MainNews -

Yale University: Russia holding at least 6 thousand Ukrainian children for "re-education"

The researchers identified 43 camps and other facilities where they are held.

Yale University: Russia holding at least 6 thousand Ukrainian children for "re-education"
Photo: Andriushchenko on Telegram

The Russian Federation held at least 6,000 Ukrainian children (probably many more) in Crimea and Russia for political re-education, Reuters writes, citing a report by the Humanitarian Research Laboratory at the Yale University School of Public Health as part of a State Department-supported project that examined human rights violations and war crimes reportedly committed by Russia.

The report said Yale University researchers had identified at least 43 camps and other facilities where Ukrainian children have been held that were part of a "large-scale systematic network" operated by Moscow since its February 2022 invasion of Ukraine.

The children included those with parents or clear familial guardianship, those Russia deemed orphans, others who were in the care of Ukrainian state institutions before the invasion and those whose custody was unclear or uncertain due to the war.

"The primary purpose of the camp facilities we've identified appears to be political re-education," Nathaniel Raymond, one of the researchers, said in a briefing to reporters.

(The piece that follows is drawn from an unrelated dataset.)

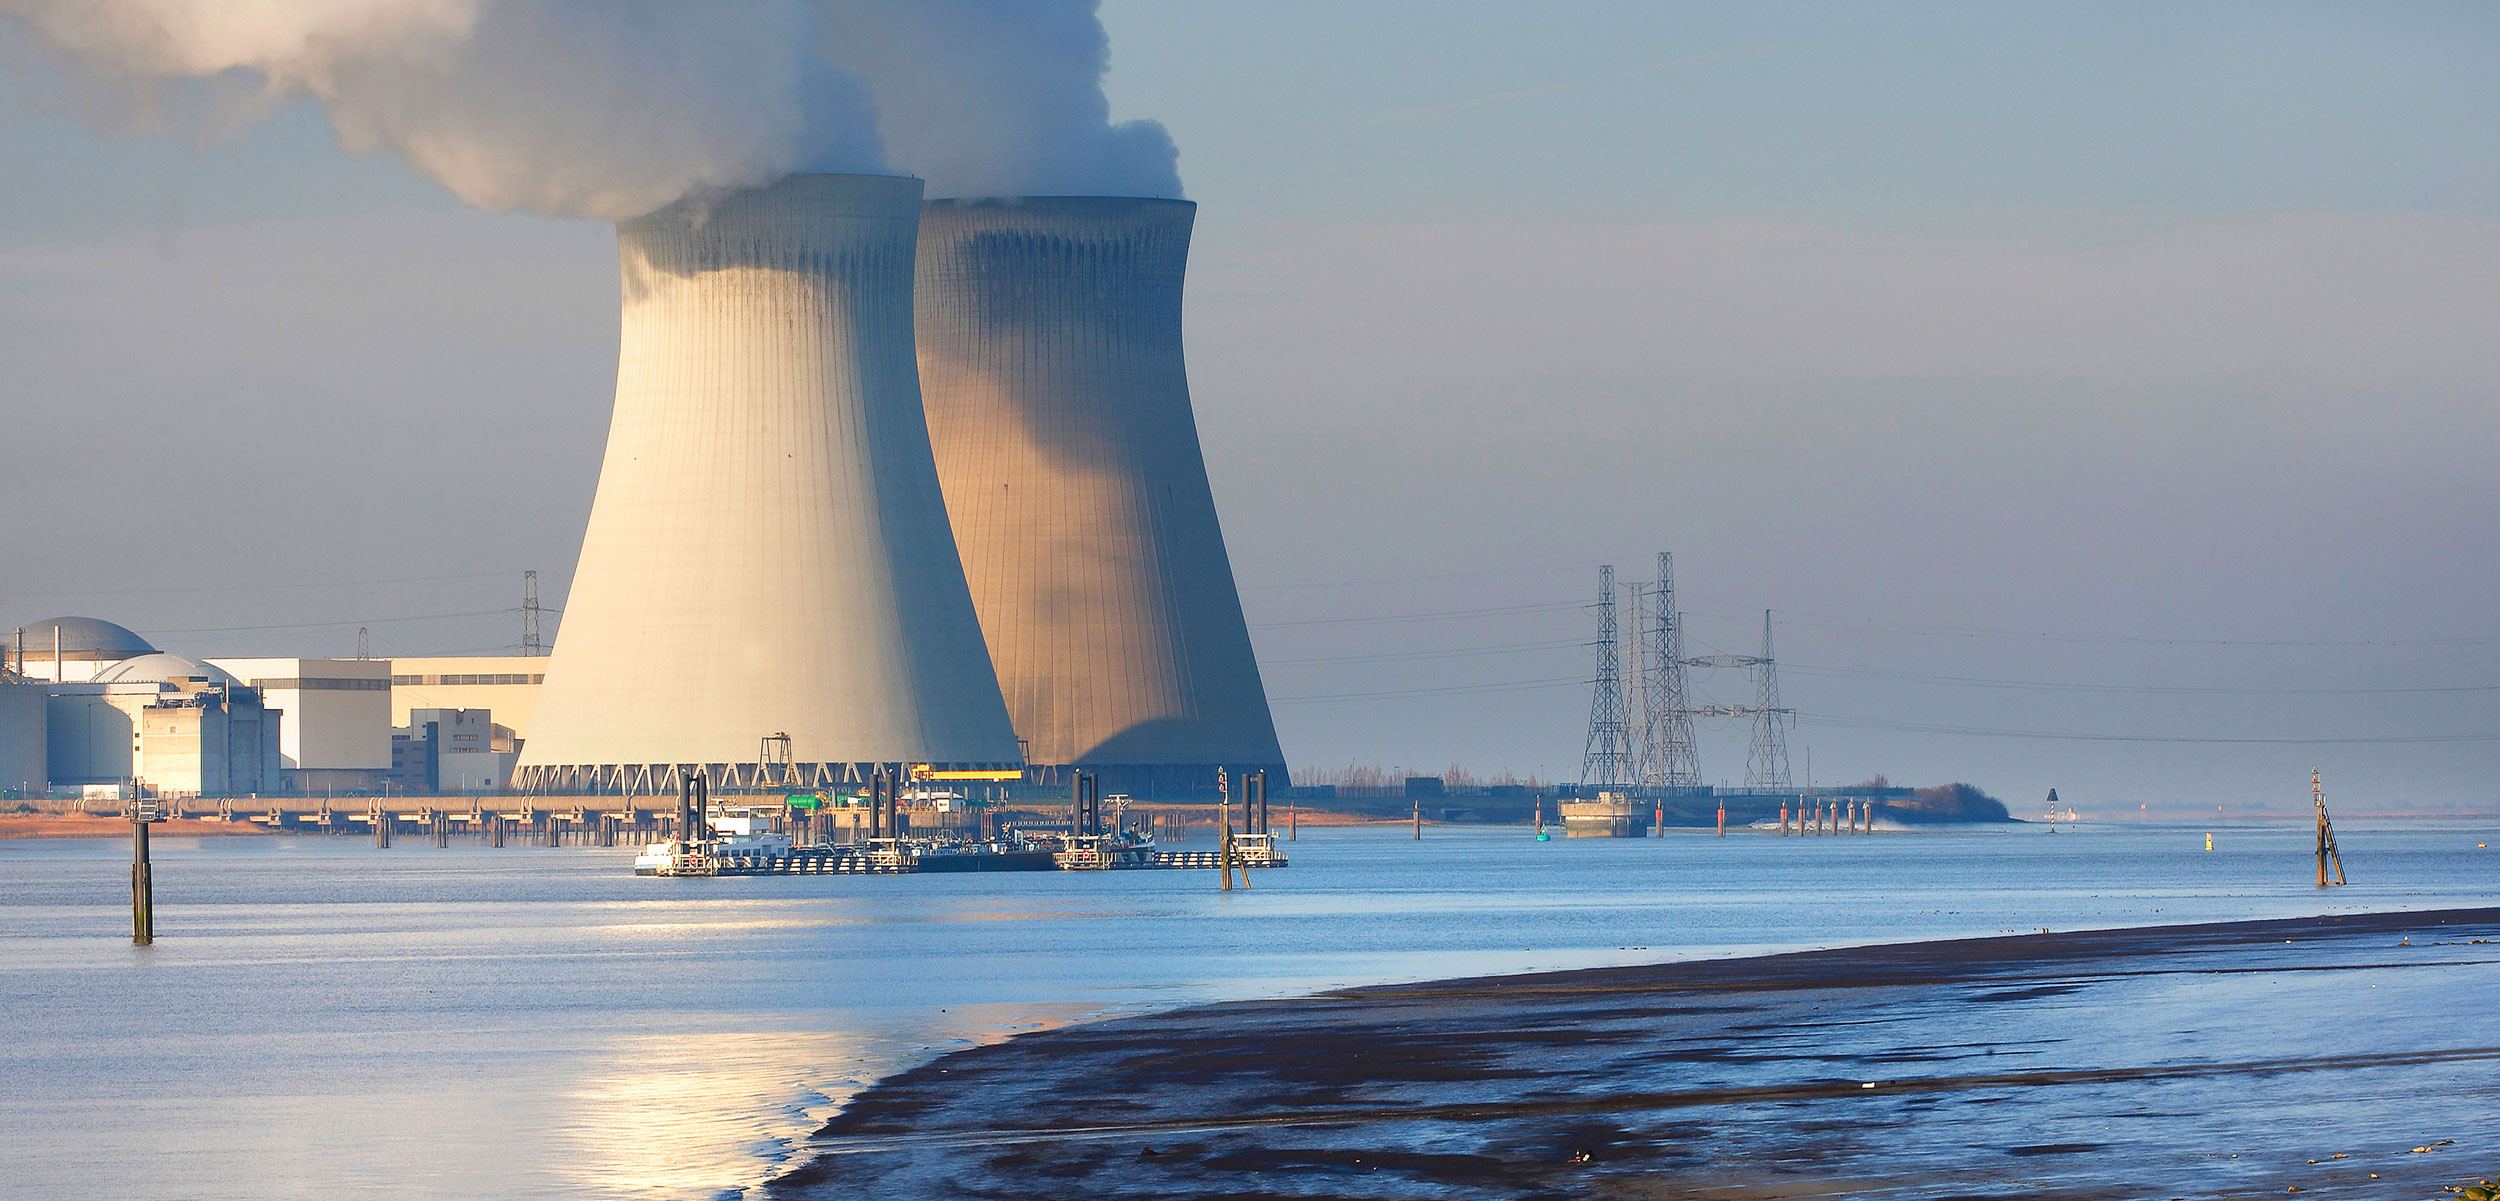 nuclear power plant at the coast, Belgium, Galgeschoor, Antwerp

“Some of the children were moved through the system and adopted by Russian families or moved into foster care in Russia.”

The youngest child identified in the Russian program was just four months old, and some camps were giving military training to children as young as 14 years. Raymond added that researchers had not found evidence those children were later deployed in combat.

"What is documented in this report is a clear violation of the 4th Geneva Convention," the agreement that protects civilians in wartime, said Raymond.

He said it could also be evidence that Russia has committed genocide during its war in Ukraine since the transfer of children for purposes of changing, altering or eliminating national identity can constitute a component act of the crime of genocide.

Yuriy Belousov, head of the Prosecutor General's Office's Department for Combating Crimes in the Context of Armed Conflict, said that the Russian occupiers forcibly deported more than 16,000 Ukrainian children to the Russian Federation during the war.